Earlier in the day, the military announced it had recaptured the RSF’s last major stronghold in Khartoum, the Teiba al-Hasnab camp.

“This is a pivotal and decisive moment in the history of Sudan,” information minister Khalid Aleiser, spokesman of the military-controlled government, said. “Khartoum is free, as it should be.”

Military control of the airport, along with calm in Khartoum, could allow aid groups to fly more supplies into the country where the fighting has driven 14 million people from their homes and pushed some areas into famine.

At least 28,000 people have been killed, though the number is likely to be far higher.

Meanwhile, aid groups said at least 54 people were killed in a military air strike on a market in the country’s western region.

The strike on Monday on the village of Tora caused a huge fire, according to Adam Rejal, a spokesman for the General Co-ordination, a local group helping displaced people in Darfur.

More than half of the dead were women, according to a list of casualties provided by Mr Rejal.

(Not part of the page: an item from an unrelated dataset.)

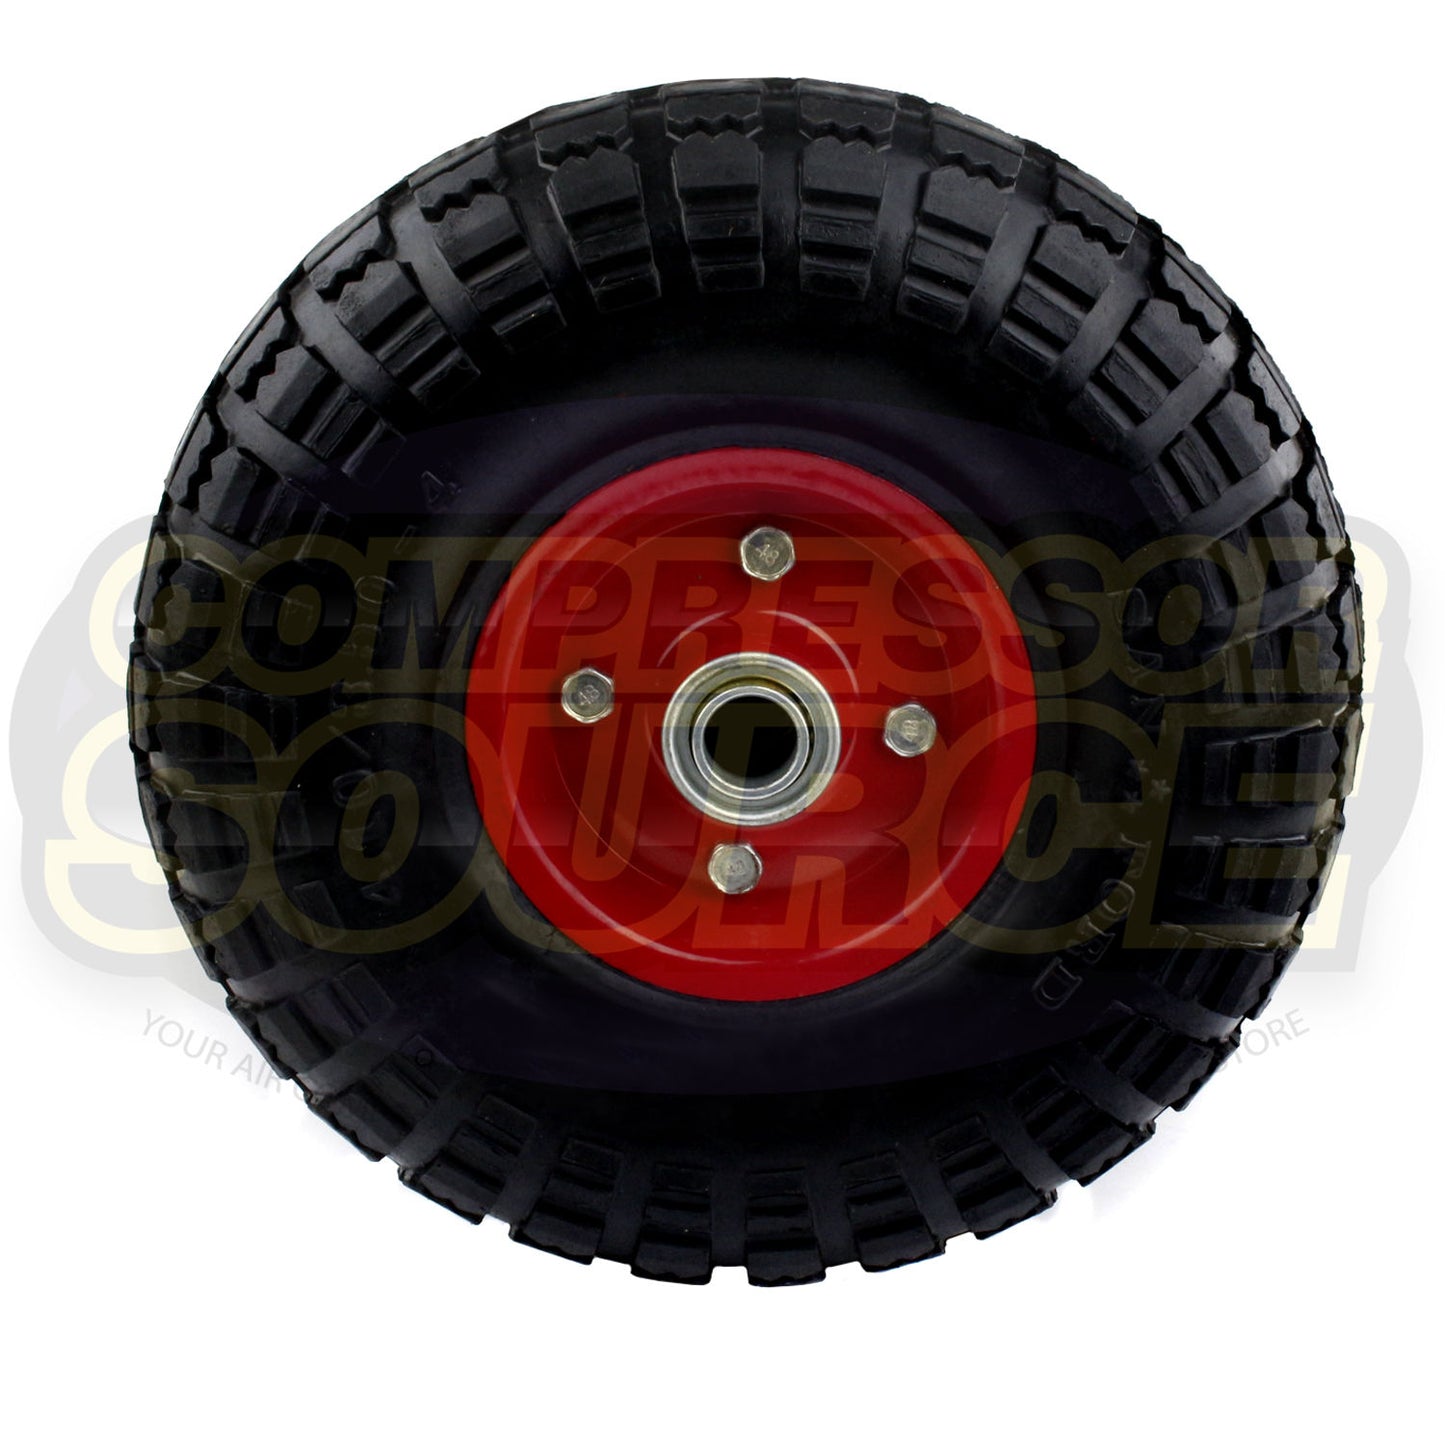 New 2402038 Puma Air Compressor Replacement Wheel & Tire Assembly Solid Rubber

At least 23 people were wounded and seven were missing, the list showed.

He said the strike was “a crime against humanity and a clear violation of all international and humanitarian laws and conventions”.

Brigadier General Nabil Abdullah, a spokesman for the Sudanese military, said civilians were not targeted, adding the allegations were “incorrect” and were “raised whenever our forces exercise their constitutional and legal right to deal with hostile targets”.